On April 4, St. Petersburg activist Anna Shushpanova became the first person to face investigation under the law because of a social-media post sharing concerns about the adequacy of hygiene measures at a local hospital.
 
“Our deputies live in a world that they have spent years creating in their minds — a world in which information that is disseminated in the interests of their bosses is ‘correct’ information,” said Viktor Muchnik, editor in chief of the TV2 information agency in the Siberian city of Tomsk. “And any ‘incorrect’ information is distributed to help their bosses’ enemies. And they can’t imagine any other kind of information, so they need to put an end to all this ‘fake information’ that is coming either from abroad or from some sort of [opposition leader Alexey] Navalny or some other enemies of the regime.”
 
“And the bosses, of course, welcome any such initiatives,” he concluded. “It is obvious why this is being done.”
 
In such a climate, Muchnik said, “doctors are really frightened.” He recently interviewed one doctor who told him “everything was normal” at her hospital.

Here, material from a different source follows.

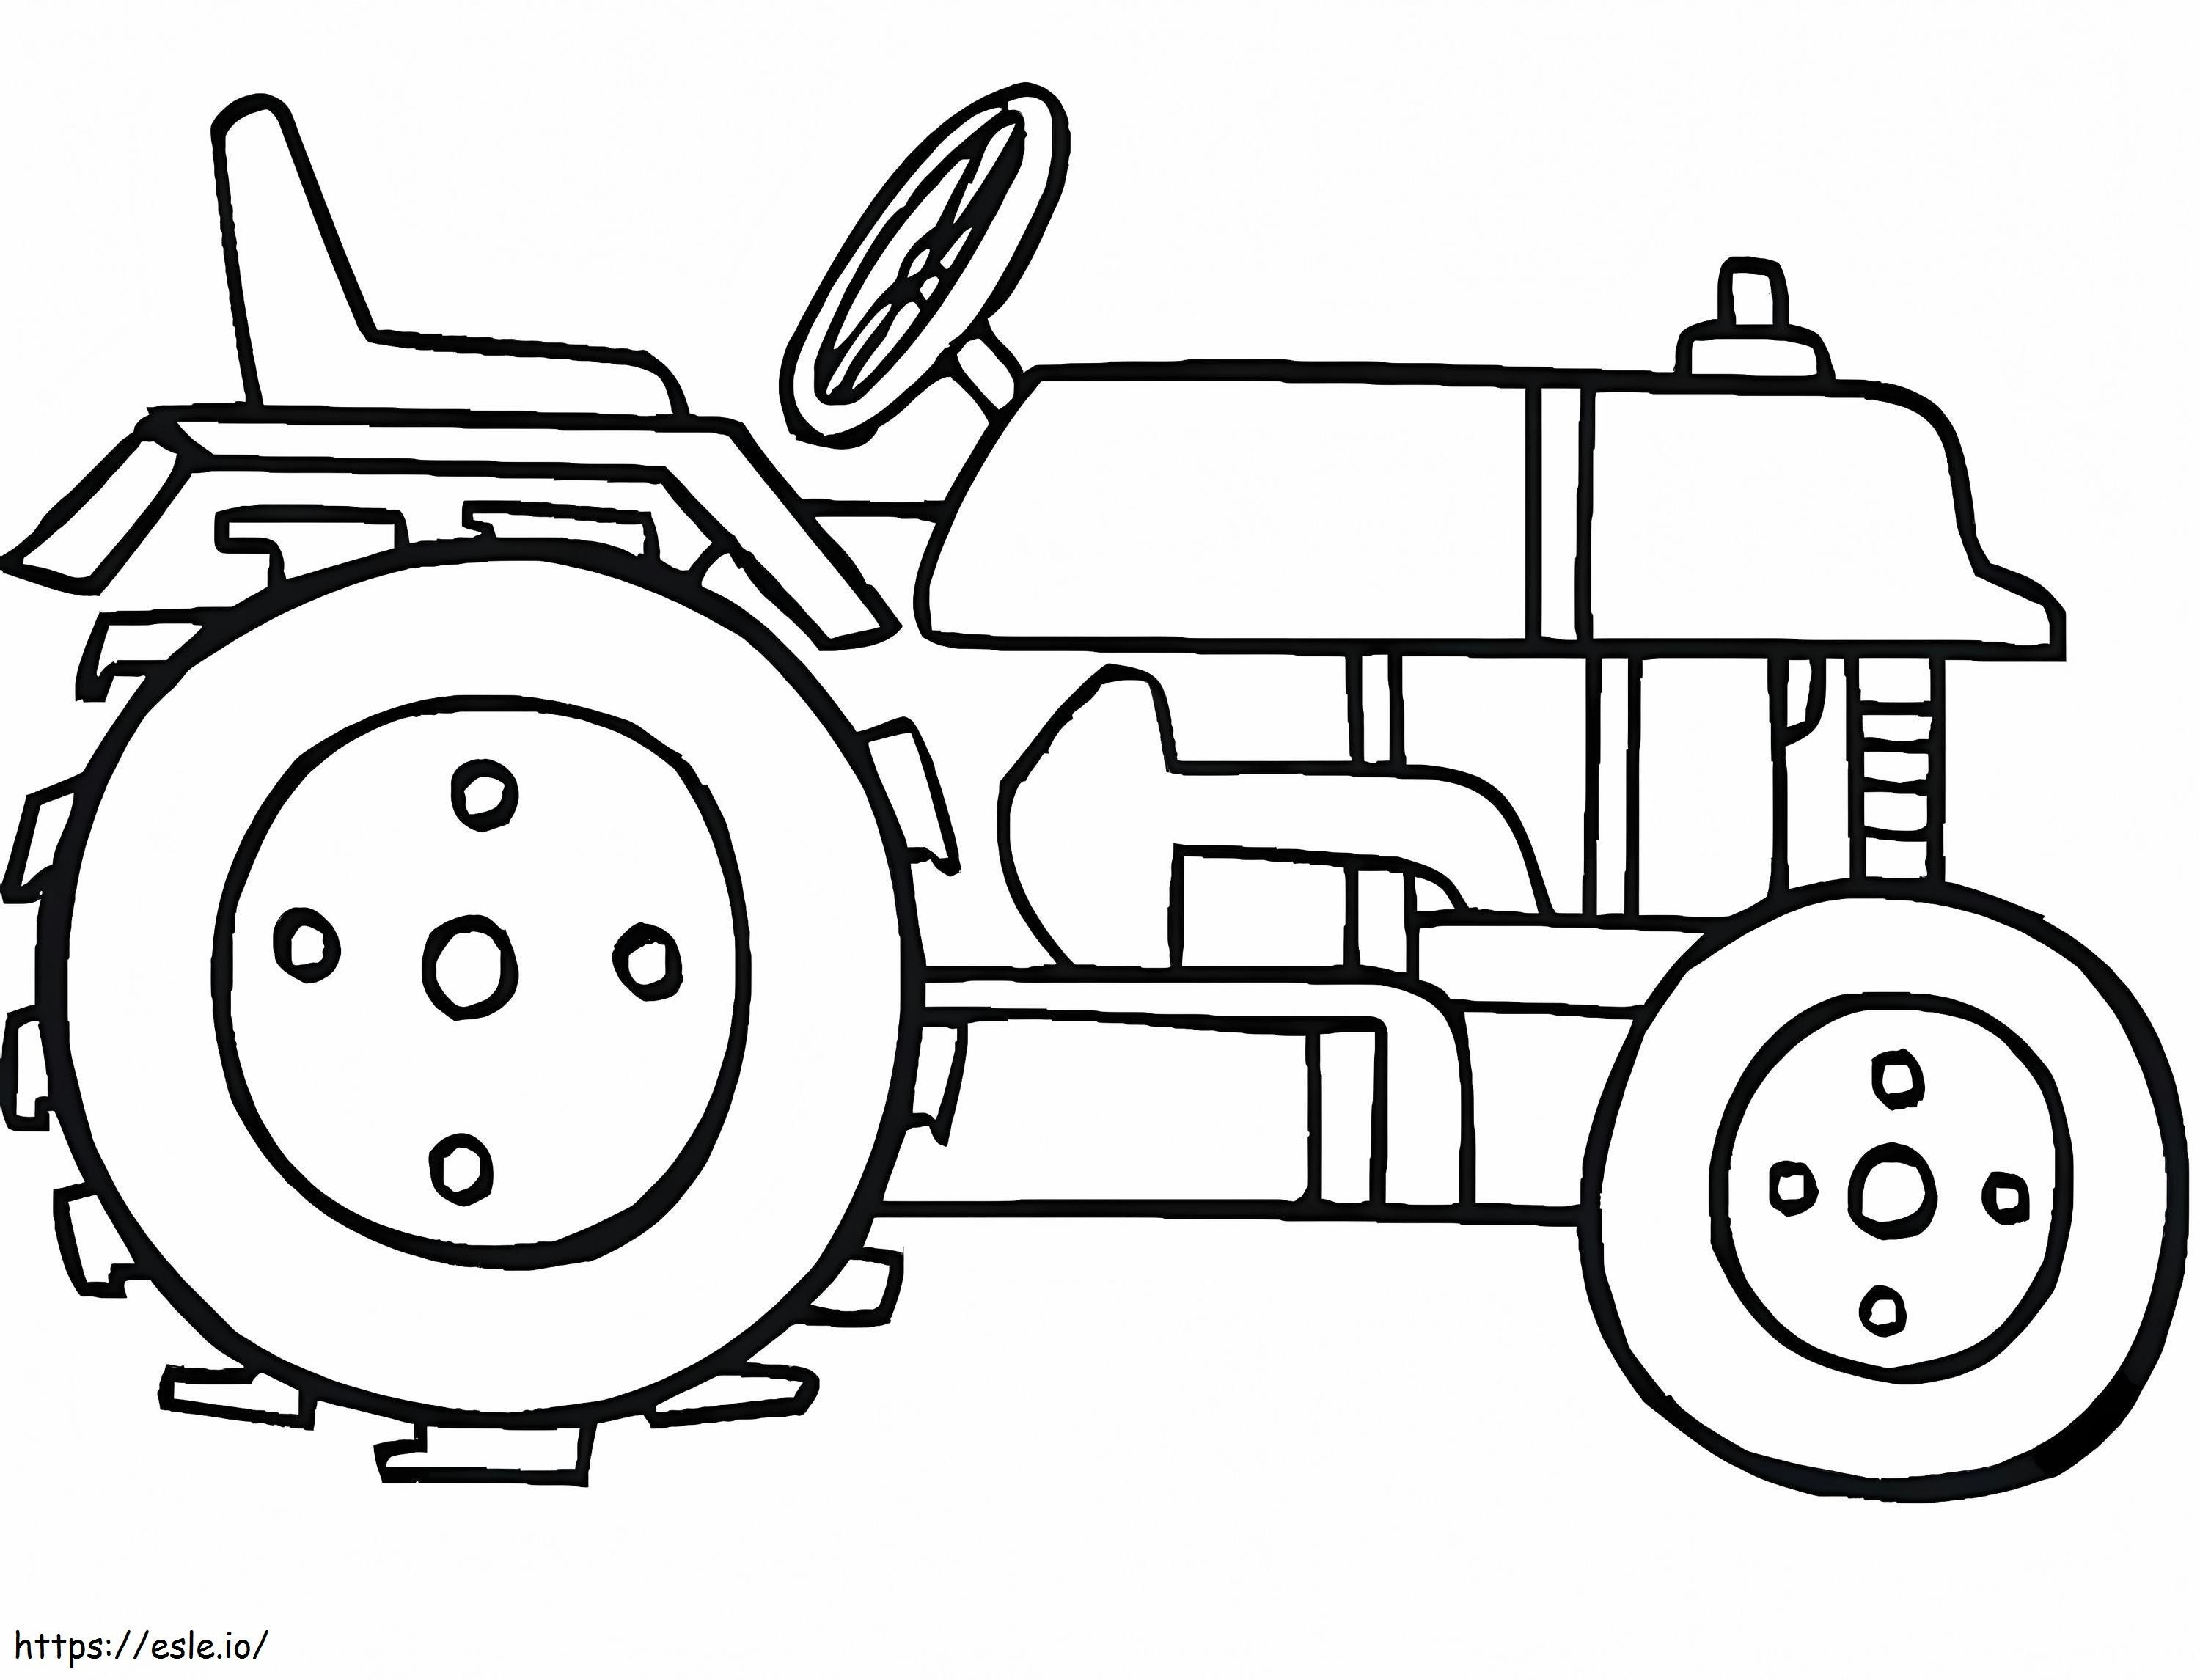 Coloriage Tracteur normal 2 1024X782 à imprimer dessin

Later that night, however, she called him back and told him the hospital was critically short of qualified personnel. “Earlier, I had caught her at work, and she was not able to speak honestly,” he said.
 
Maria Bukhtuyeva, editor in chief of the TVK television company in Krasnoyarsk, said the best way to combat rumors and speculation would be for the authorities to work better with the media. “Our politicians and parliamentarians and law enforcement personnel and others involved in this matter locally have lost the ability to make independent decisions and therefore they are not in a position to give adequate, timely commentary [to the media],” she said. “What can be prosecuted as ‘fake news’? Whatever they want.”FILE – Workers in protective suits spray disinfectant in the center of Grozny, capital of Russia’s Chechnya region, April 6, 2020. Ramzan Kadyrov, the region’s strongman, has taken extreme measures to fight the spread of the coronavirus in Chechnya.And more than pressure…
 
In addition to the intimidating law on “fake news,” some Russian regional figures have been intimidating journalists more directly. Chechnya’s Kremlin-backed leader, Ramzan Kadyrov, recently accused journalists of the independent Novaya gazeta of being “traitors.” Shortly after he called an article about the region’s COVID-19 crisis “absurd,” the Russian authorities forced Novaya Gazeta to take it off the Internet.
 
Earlier in April, Kadyrov issued a video in which he threatened the head of RFE/RL’s North Caucasus Service, Aslan Doukaev, for an article about how the region’s farmers are struggling through the pandemic. “The head of that region has been quite effective at using extrajudicial means to resolve issues,” Taiga.info’s Mazur said, referring to Kadyrov. “But the main complaint shouldn’t be to him, but to the federal authorities.”
 
Kadyrov “has always tended to test the limits of the laws and instructions. When you draw a line in the sand for him, he crosses it and waits to see what happens. When nothing happens, he goes further,” he said. “It’s a shame that the federal government and the [president] put up with this.”
 
There are similar examples elsewhere in Russia. In an interview with state media on April 17, Tomsk region Governor Sergei Zhvachkin warned those who “smear the authorities with dirt” during a “semi-war period.”
 
“The government knows your names and where you live,” he said. “Don’t be offended, but if you cross the line, we will be forced to stop you…. Don’t play around.”
 
TV2’s Muchnik and his team are used to working under government pressure. The company’s flagship TV station was closed down in 2014 after a campaign against it by local officials.
 
“If this had happened in the late 1990s or early 2000s, we would have had the people who were responsible in our studio, constantly communicating with our viewers,” he said. “We would have found ways to convey in detail what was happening. And not only us — there were many media outlets who were competing with one another.
 
“But over a period of many years, the media space has been made flat and regulated,” he concluded. “Of course, we have our sources of information, but the people now are in a panic and a lot of unreliable information is out there. We have to spend a lot of time checking things. And we also have to check official information, of course.”